We compute velocity versus porosity curves according to this model for 100% water saturation case and a) using the minimum density and the bulk and shear moduli of the solid phase in the interval under examination and b) the maximum values of these inputs. In other words, the a) model curve starts from the softest zero-porosity data point, while the b) curve starts from the stiffest zero-porosity data point. The resulting curves almost perfectly envelop the data (Figures 3, 4).

Notice that color gradation in velocity data shown in Figures 3, 4 is practically the same as that in the solid-phase velocity data displayed at zero-porosity. This fact illustrates our finding that the solid-phase elastic properties act as robust discriminators of the porous shale elastic properties at fixed porosity and that these properties are unique functions of the total porosity, and mineralogy and kerogen content.

The next step is to apply this model in the entire interval using the depth-dependent inputs and the in-situ fluid properties. The results are shown in Figure 5. The match between the model predictions and wireline data is fairly accurate except for Lower Woodford where the predicted velocities are higher than measured. We could certainly adjust the model in this interval to better match the data, but the difference is likely caused by over-pressure in this interval for which we have no information.

FIGURE 5

FIGURE 5. Top. Woodford well. GR, bulk density, V_p and V_s, P-wave impedance, and Poisson's ratio versus depth at in-situ conditions. Black is for recorded data, while red is for constant cement model predictions. Bottom. Same but for Wolfcamp well.

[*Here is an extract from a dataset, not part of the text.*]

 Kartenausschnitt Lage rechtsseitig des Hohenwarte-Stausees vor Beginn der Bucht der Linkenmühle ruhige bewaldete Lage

Let us finally make several useful cross-plots using Woodford data. The cross-plot in Figure 6A (top) indicates that there is (albeit not very sharp) connection between the clay and kerogen contents: both increase in accord. Plotting the total porosity versus kerogen content (Figure 6B, top) and the sum of clay and kerogen contents (Figure 6C, top) produces a curious V-shaped pattern with maximum porosity practically the same at the lowest and highest contents and minimum porosity at approximately 0.13 kerogen content and 0.50 clay plus kerogen content. This pattern arguably points out to how porosity is partitioned among the components of the solid phase.

FIGURE 6

FIGURE 6. Top. Woodford well. (A) Kerogen versus clay content. (B) Porosity versus kerogen content. (C) Porosity versus the sum of clay and kerogen contents. The datapoints are color-coded by V_p adjusted for 100%-wet-rock conditions. Bottom. The same but for the Wolfcamp well.

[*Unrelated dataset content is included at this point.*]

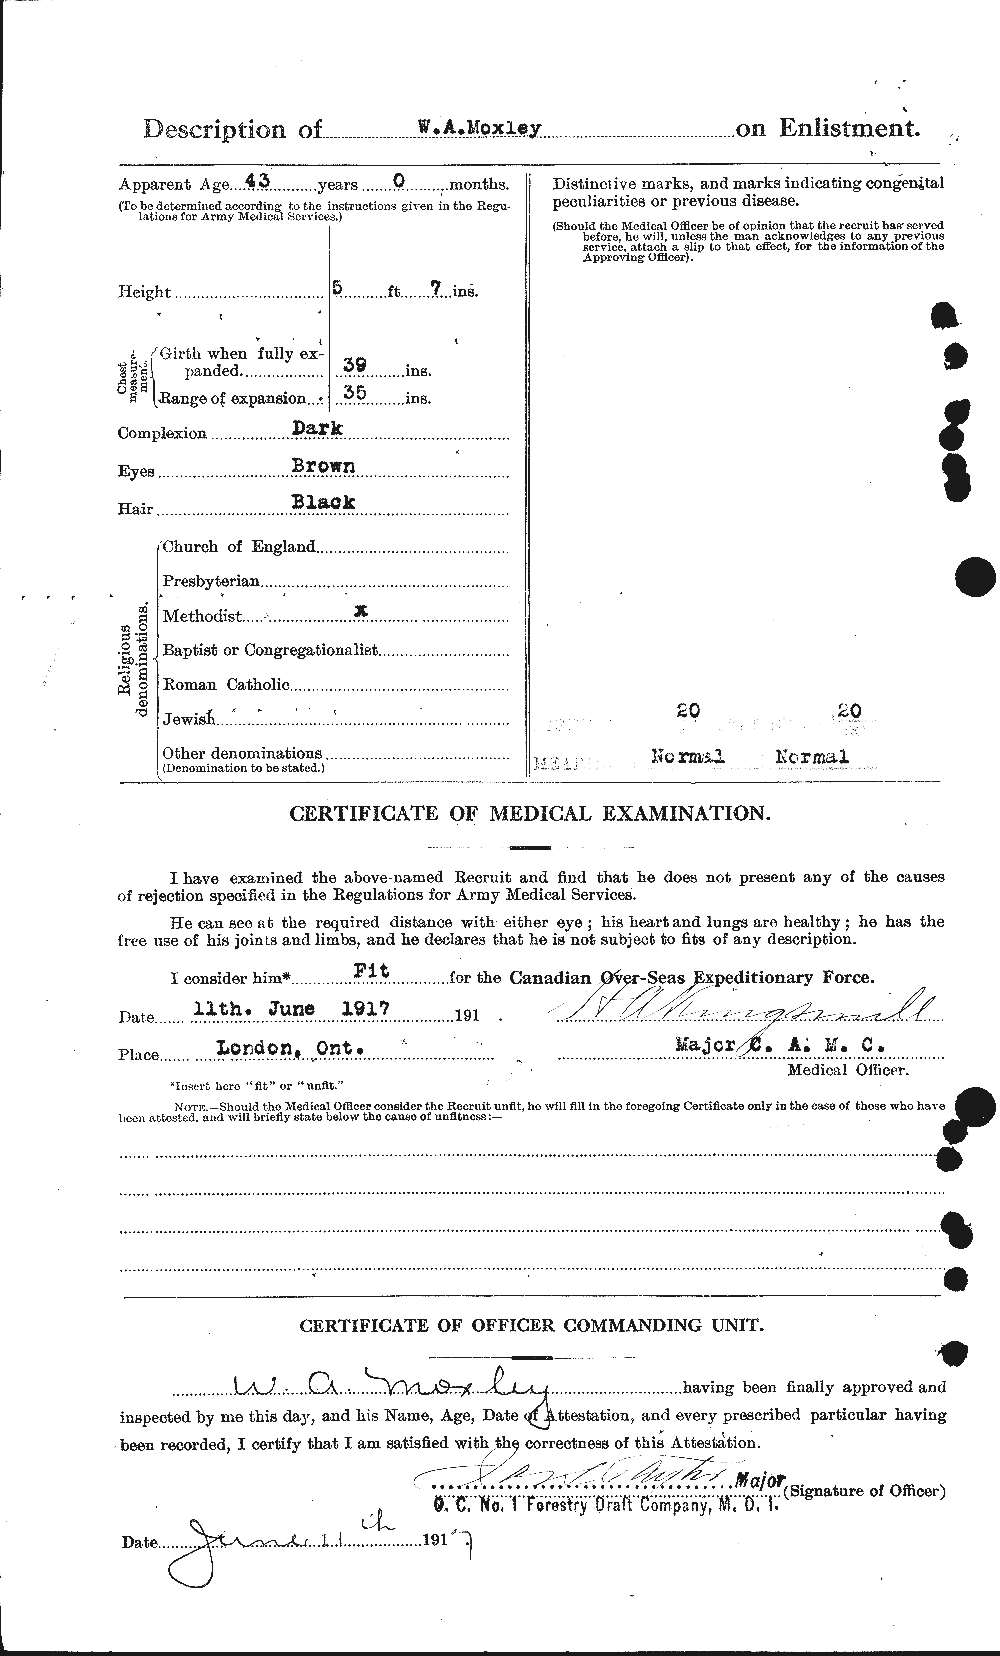 Dossiers du Personnel de la Première Guerre mondiale - CEC 510604b

The positive correlation between the clay and kerogen contents observed in this figure is fairly common in the continental US deposits (e.g., Sone and Zoback, 2013).

Figure 7, top and bottom, is for the Wolfcamp well with the displays same as in Figures 3, 4, respectively. Data quality in this well is worse than in the Woodford well, which is clear from the “lacy” character of the cross-plots in these figures. Such configurations are characteristic of the petrophysicist's attempts to shift and smooth the original curves. Yet, the patterns similar to those observed in the Woodford emerge here as well. Once again, it appears that the elastic properties of this shale are also unique functions of the total porosity, and mineralogy and kerogen content.

FIGURE 7

FIGURE 7. Wolfcamp well. Top. Display is the same as in Figure 3D. Bottom. Display is the same as in Figure 4.

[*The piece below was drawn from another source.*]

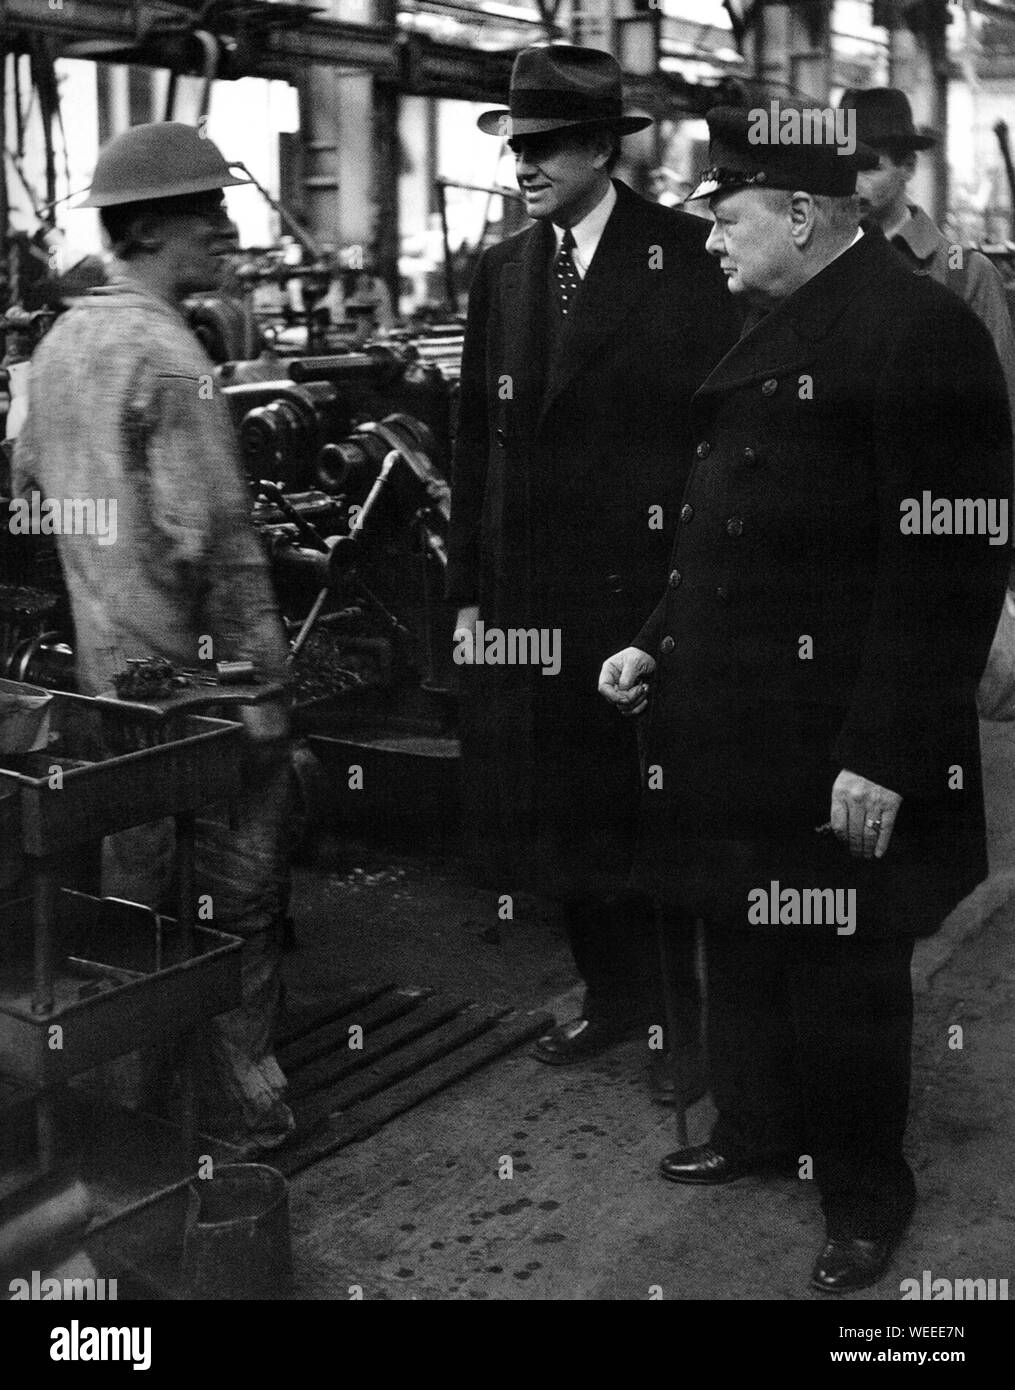 Winston Churchill en visite à Plymouth après des bombardements intensifs sur la ville, accompagné d'Averell Harriman, envoyé spécial des États-Unis, le 2 mai 1941 Banque D'Images

The same RPM is applicable in Wolfcamp shale, but with some parameter adjustments. Perhaps because the calcite and dolomite contents in Wolfcamp are higher than in Woodford (Figure 2), this rock appears stiffer and requires an increase in the coordination number to 22. Also, the shear stiffness reduction factor $f$ in this case is 0.6.

Having this factor less than 1.0 is unphysical in the context of the original constant-cement model, where the critical porosity endpoint elastic moduli come from the Hertz-Mindlin contact theory (Mindlin, 1949). However, if we remember that this factor is only an adjustment parameter for the high-porosity end member in the modified lower Hashin-Shtrikman bound, using $f$ = 0.6 is permissible. The reason behind this selection is to honor the fact that the apparent Poisson's ratio measured in the vertical direction is quite small in this well (about or even less than 0.2). Let us emphasize again that the essence of this model is not the selection of the critical porosity endpoint, but rather the functional form of the curves connecting this endpoint with the zero-porosity (pure-mineral) endpoint.

The model predictions are compared to measured data for this well in Figure 5 (bottom). As in Woodford, we observe an accurate match. Figure 6 (bottom) is the same as Figure 6 (top), but now for the Wolfcamp well. Because of the poorer quality of this wireline data, it is difficult to make any meaningful conclusions here.

Application to Digital Rock Physics

High resolution petrophysical properties can be determined from dual energy computed tomography (CT) imaging on core material extracted from a well (Walls et al., 2016). Dual-energy CT-scanning for evaluating reservoir rocks involves scanning the same location within the rock twice, using a different X-ray energy each time. One image intensity is proportional to the bulk density, while the other is proportional to the atomic number. These two inputs are combined with spectral gamma ray readings to obtain high-resolution bulk density and mineralogy data along the core. The output includes the total porosity (computed from the mass balance equation), as well as the volume fractions of kerogen, carbonate, silica and clay. Usually these 3D volumetric data are averaged across the sample for each cross-section, however nothing prevents utilizing these results in the entire volume, voxel by voxel, given adequate dynamic memory handling. Now, by applying the RPM derived here from wireline data to petrophysical results from such core CT scanning, we can obtain high-resolution profiles of the dynamic elastic properties along the core.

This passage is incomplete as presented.